# Engines in my Collection



## enginemaker1 (Mar 16, 2010)

Just thought everyone would like to see some engines that I have completed.

Tom















My 1/3 scale Galloway from castings. Truck and wheels made from stock.






Mine engine made from scratch.






Factory engine made from scratch.


----------



## rake60 (Mar 16, 2010)

Very nice builds Tom! 

Rick


----------



## Philjoe5 (Mar 16, 2010)

I saw your Mine engine at a show a few years back and bought your plans. I remember it being a very impressive engine. I hope to get up to Connecticut for the Kent show again. Perhaps I'll get to see the factory engine or the Galloway running. 

Cheers,
Phil


----------



## BigBore (Mar 16, 2010)

Sharp looking group!

Is the factory engine painted. anodized. or is it just the lighting in the photo? I really like the detail.

Ed


----------



## zeeprogrammer (Mar 16, 2010)

Beautiful work enginemaker1.
Got any videos lying about?


----------



## b.lindsey (Mar 16, 2010)

Very nice collection enginmaker1 and well photographed too!!

Bill


----------



## gbritnell (Mar 16, 2010)

Excellent builds you have there. The mine engine is particularly nice. Thanks for showing them.
gbritnell


----------



## bearcar1 (Mar 16, 2010)

That Galloway H/M and cart are stunning. th_confused0052



Bc1
Jim


----------



## CMS (Mar 17, 2010)

Very clean looking work you've done. Is the Gallaway 1/3 or 1/4 scale and is the cart the extra kit that's offered for the Gallaway or is it "Homebrew"? Ether way, very impressive outfit, thanks for sharing.


----------



## enginemaker1 (Mar 17, 2010)

Thanks to all for the kind words.

Ed The Factory engine is just hand polished. Took sometime to remove tool marks.

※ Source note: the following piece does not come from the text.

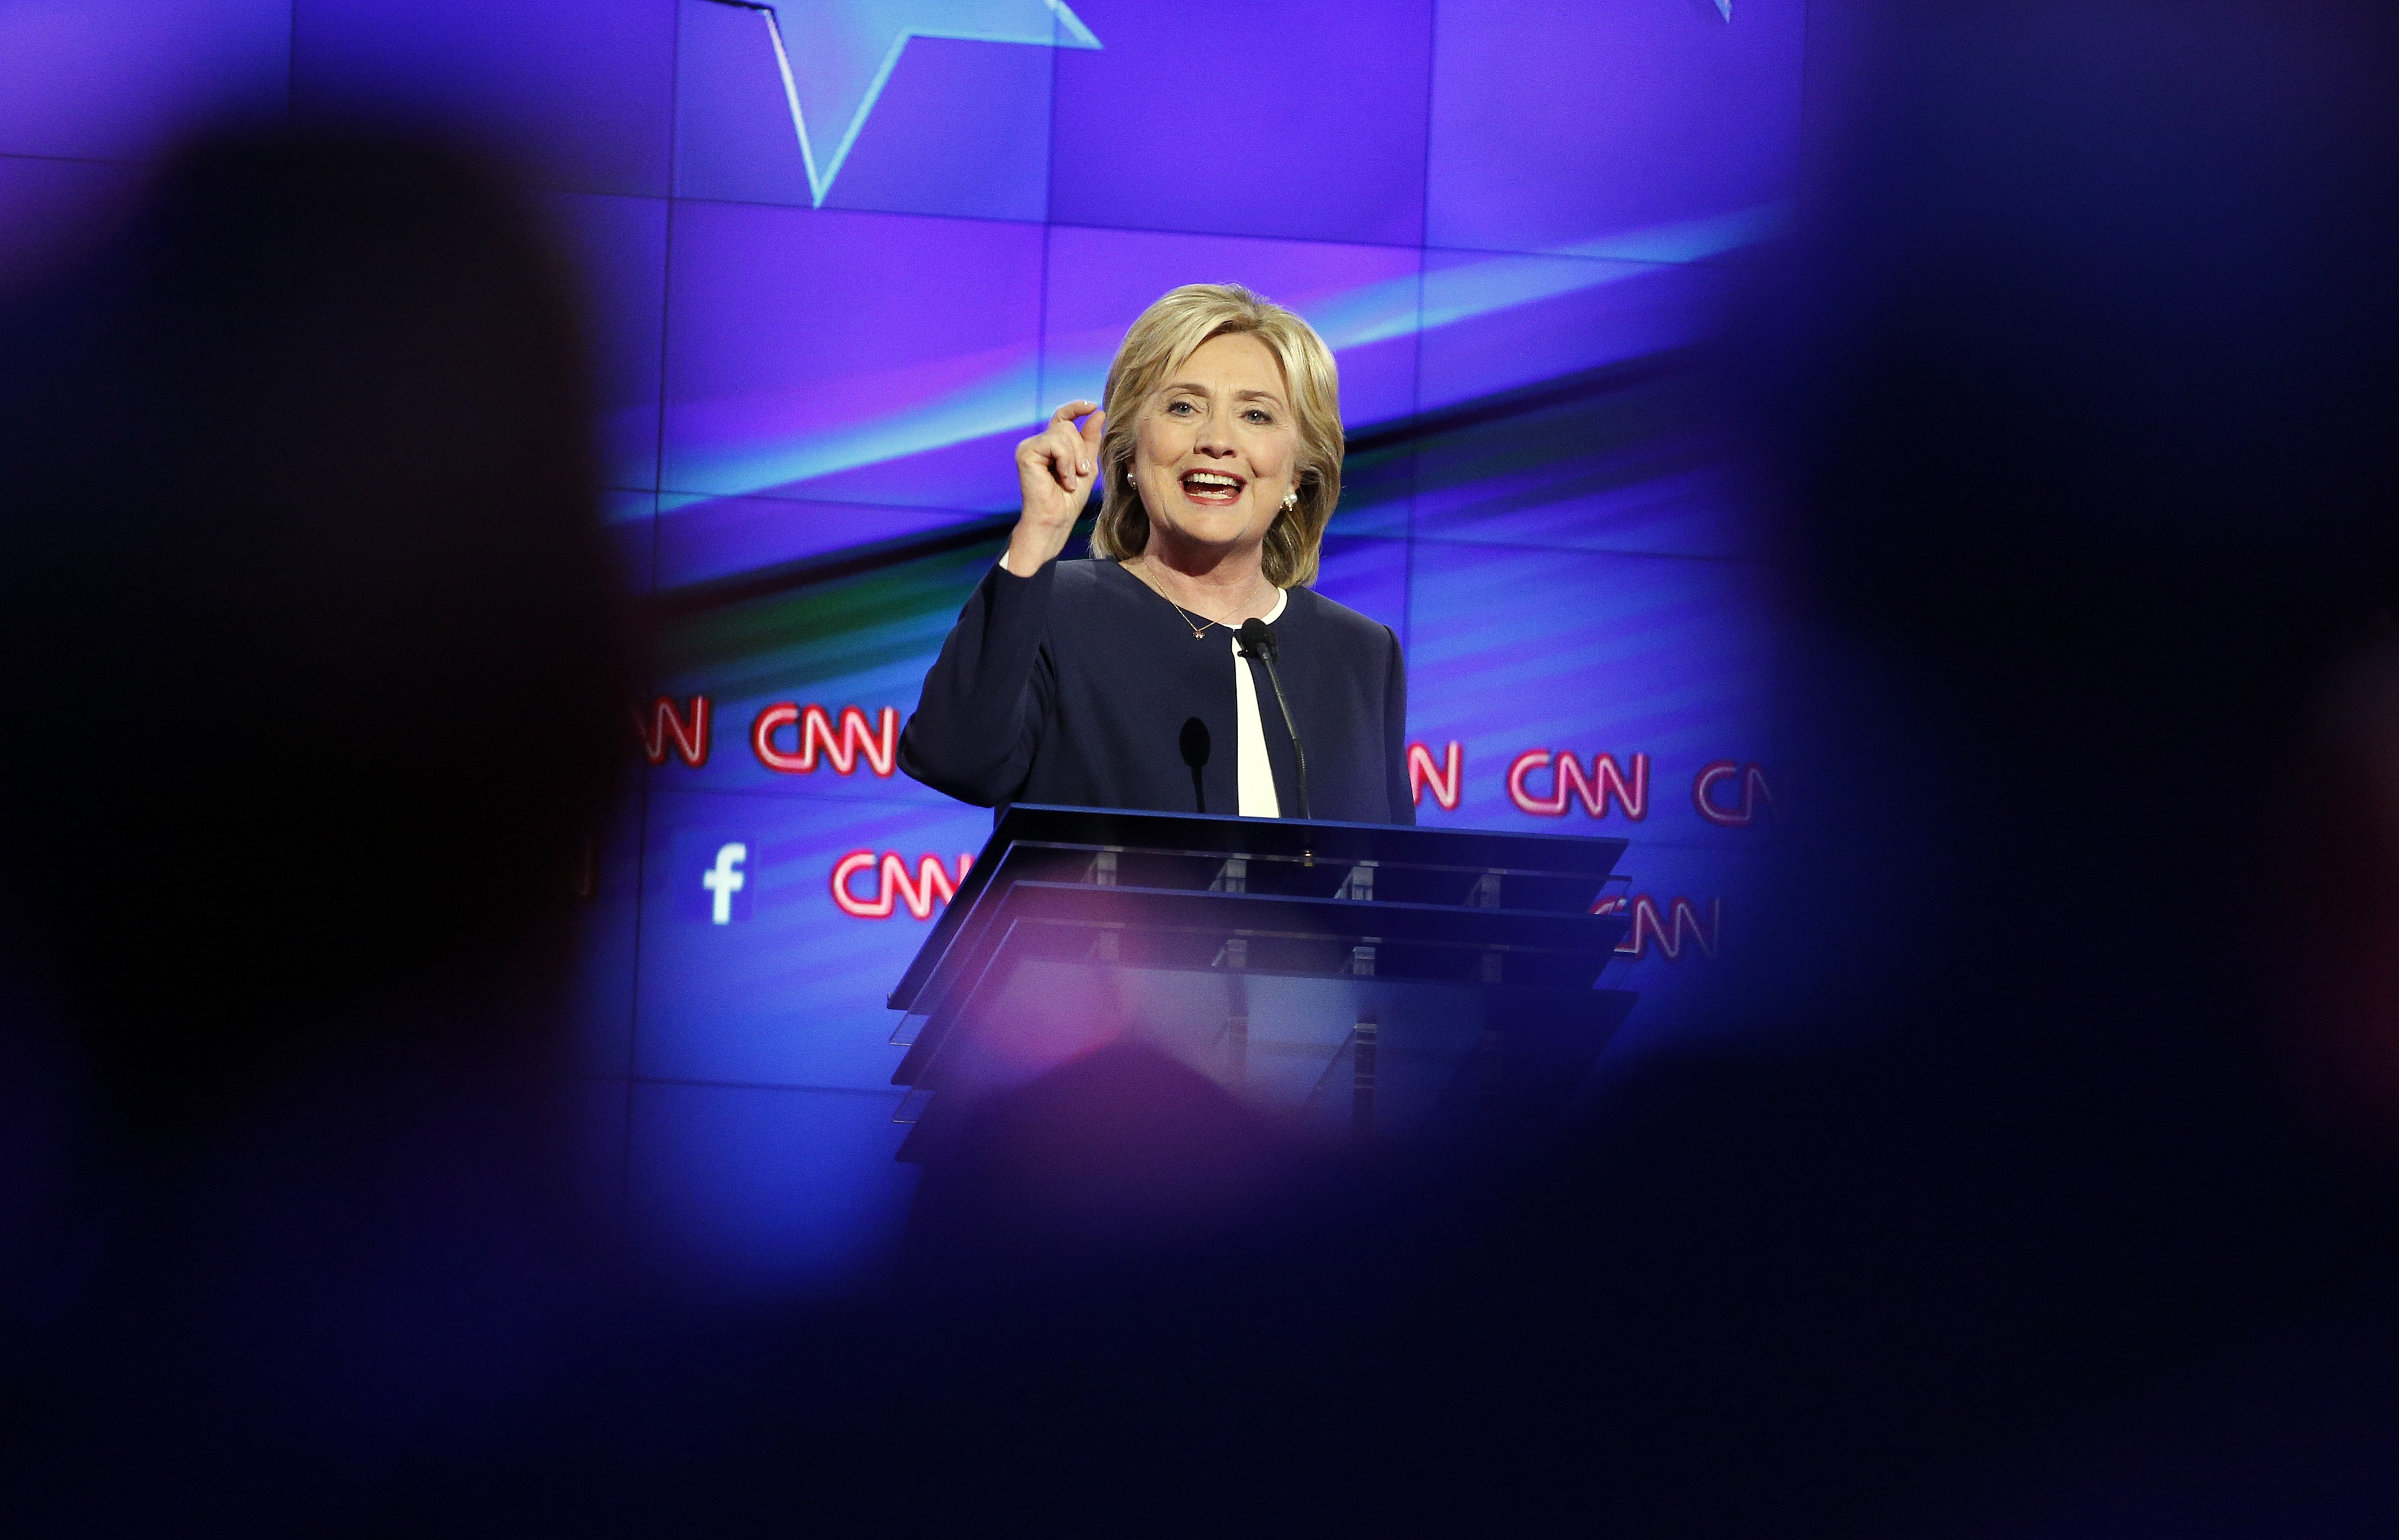 Hillary Rodham Clinton speaks during the CNN Democratic presidential debate, on Oct. 13, 2015, in Las Vegas.

I will post some videos in the future.

Tom


----------



## Longboy (Mar 20, 2010)

....I've seen your stuff on the "TUBE"! If Nick had a knack.....you out-nicked him!   Dave.


----------



## enginemaker1 (Mar 30, 2010)

Here is a video of my Galloway. Enjoy.

Tom


----------



## zeeprogrammer (Mar 30, 2010)

That is a beautiful engine Tom.
And I have to say, one of the best sounding ones I've heard.
Very nice.


----------



## rake60 (Mar 30, 2010)

Great video Tom! :bow:

Set that out in short grass and no one would know it's a model.
It looks, runs and sounds PERFECT!

Rick


----------



## metalmad (Mar 31, 2010)

Mate that galloway is just great
i love it and all your other work too


----------



## Maryak (Mar 31, 2010)

Simply gorgeous Tom! :bow:

Best Regards
Bob


----------



## enginemaker1 (Apr 11, 2010)

Here is one video of my Factory engine running.

I have plans available on CD.

Tom


----------



## enginemaker1 (Apr 18, 2010)

My Mine engine running.





Tom


----------



## tel (Apr 18, 2010)

Lovely stuff indeed!


----------